Secondly, I was encouraged by Sir Leon' response to the APEC trade
liberalisation challenge, when he acknowledged the need for the EU to
give "serious and sympathetic consideration" to matching the
commitment to trade liberalisation given by APEC's developed
countries. If APEC can show the way forward and table genuine and
ambitious Individual Action Plans later this year, Sir Leon and the
EU will feel the pressure to come up with a "balanced and comparable
response".
Of course, it is unlikely that Sir Leon carries the whole of the
European Union with him on these points. But it is heartening that he
- and indeed other leaders in Europe - are taking such positions.
I very much welcome Europe's strong leadership on these issues and
would like to acknowledge that on many multilateral trade issues we
are working constructively with our European friends.
Overall, I think the Towards 2000 study makes a very positive
contribution to understanding the complexities of the Australia-EU
relationship.
It highlights the importance of the EU market for Australian
exporters. And it promotes the attractions of Australia as a
commercial partner in the Asia Pacific region and as a destination
for investment.
The study also underlines the importance of the Australia-EU Trade
and Cooperation Agreement and Joint Political Declaration as vehicles
for further development of the broad relationship.
It poses challenges for business and for business organisations in
Australia and in Europe. On at least one of those challenges,
Australian Business in Europe can play a significant role. That is,
in developing better networks between Australian/European business
organisations and the Australian Government.
Such networks - and particularly the ABIE network - can play an
important role in the development of our trade and investment
relations with the EU. The Towards 2000 study, for example,
identifies the fact that some Australian exporters and investors find
the changing regulatory environment in the EU more complex and
difficult than that of the business environment in Asia.

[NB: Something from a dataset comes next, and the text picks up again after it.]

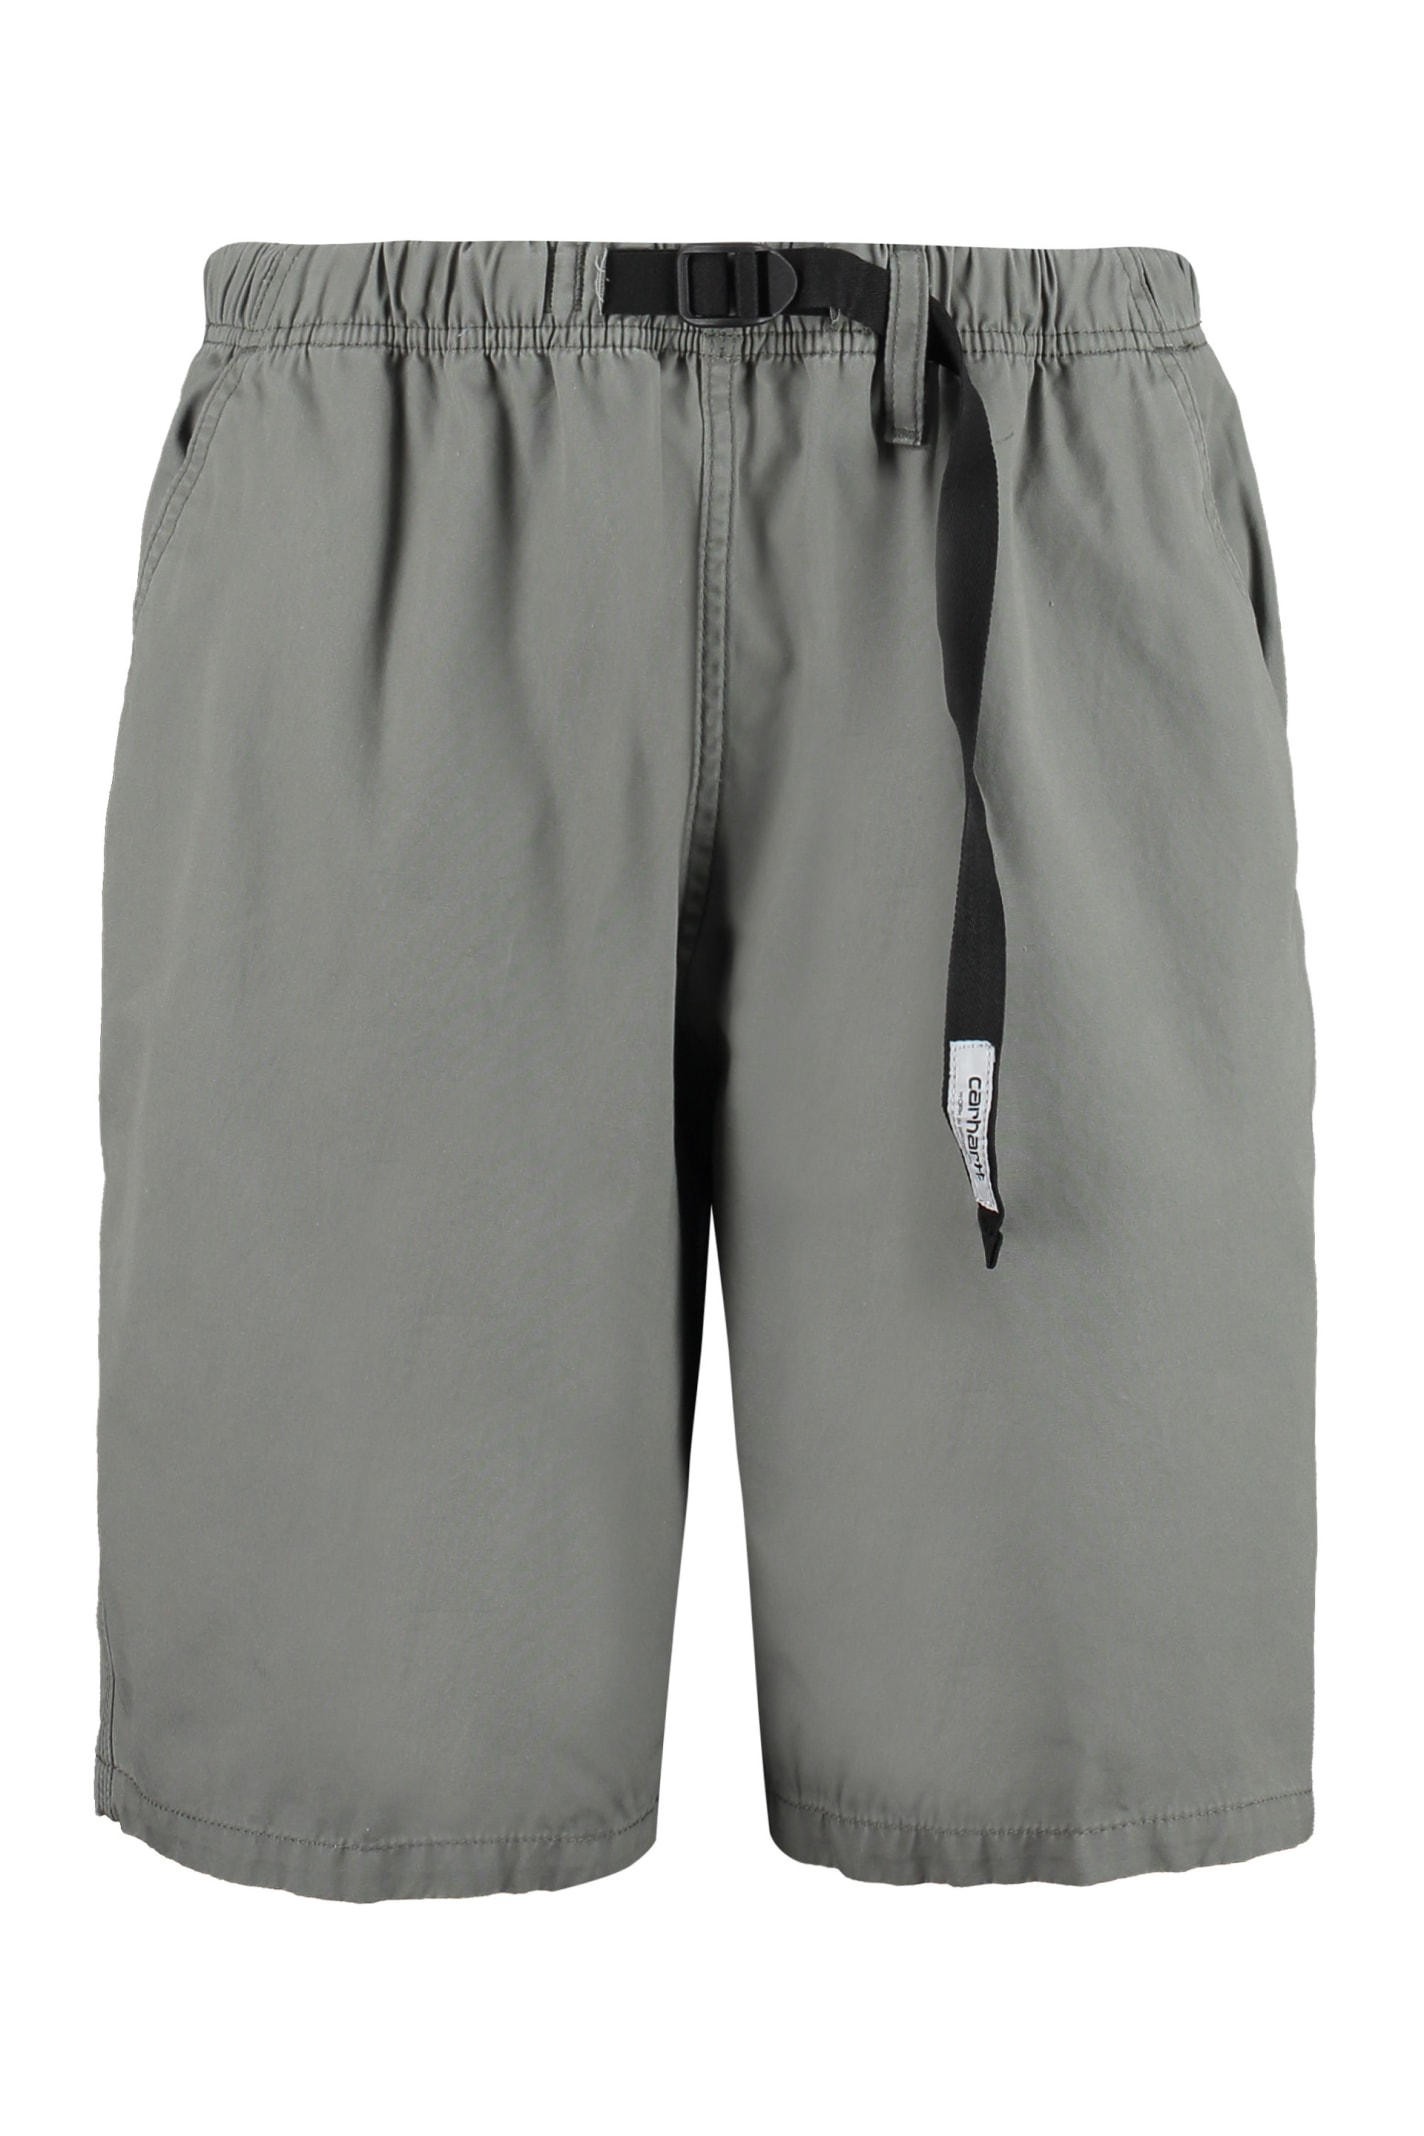 Carhartt Clover Cotton Bermuda Shorts
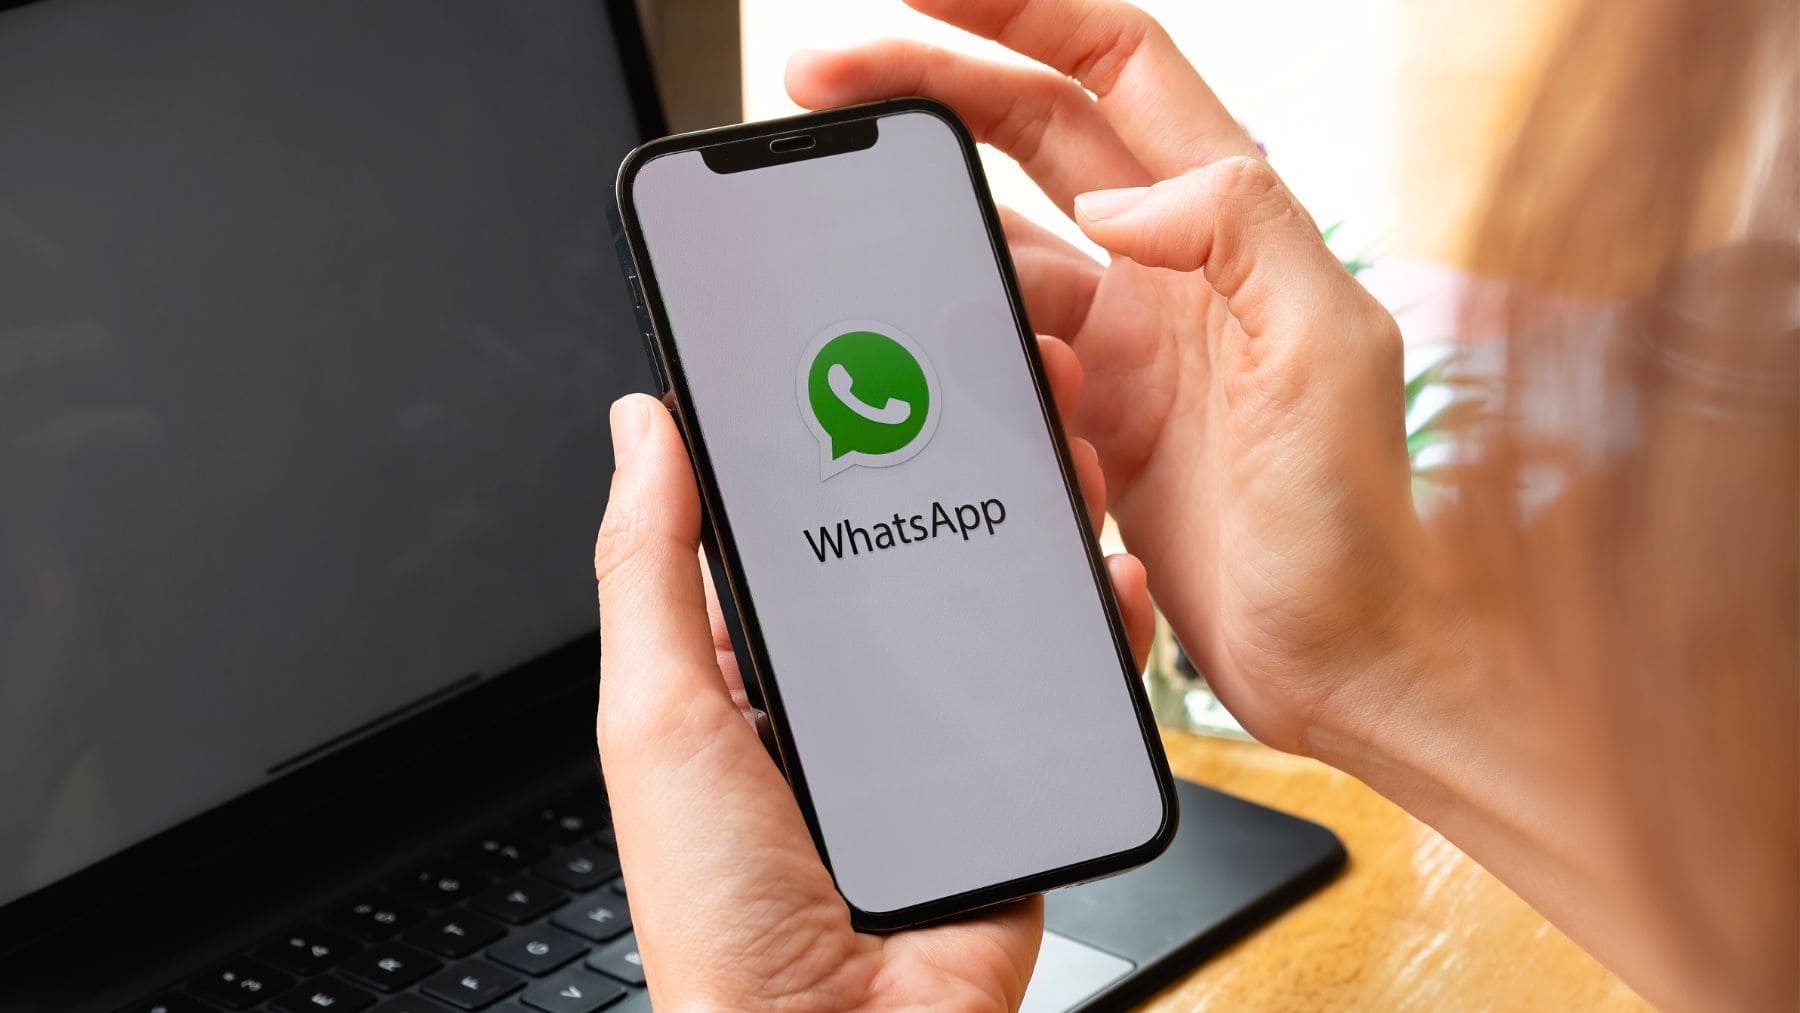 WhatsApp conversation app with green dot

Business-Government networks, such as those generated by the ABIE,
can be especially helpful on issues like this.
Conclusion
As momentum for a new multilateral round builds and as the
preparatory work begins, it will be important that the EU, the
Australian Government and industry leaders work constructively on the
full range of issues I have discussed today.
We must be active on trade, investment and, of course, agricultural
issues.
Both the Trade and Investment Study and the Agriculture policy paper
are intended as constructive contributions to that dialogue.
Our diplomatic missions in Europe have been tasked to promote the
messages in these studies with government and business leaders, and I
would welcome any initiatives ABIE can take to promote these messages
in Europe.
I hope we can work together in addressing challenges and generating
opportunities for Australian business in Europe.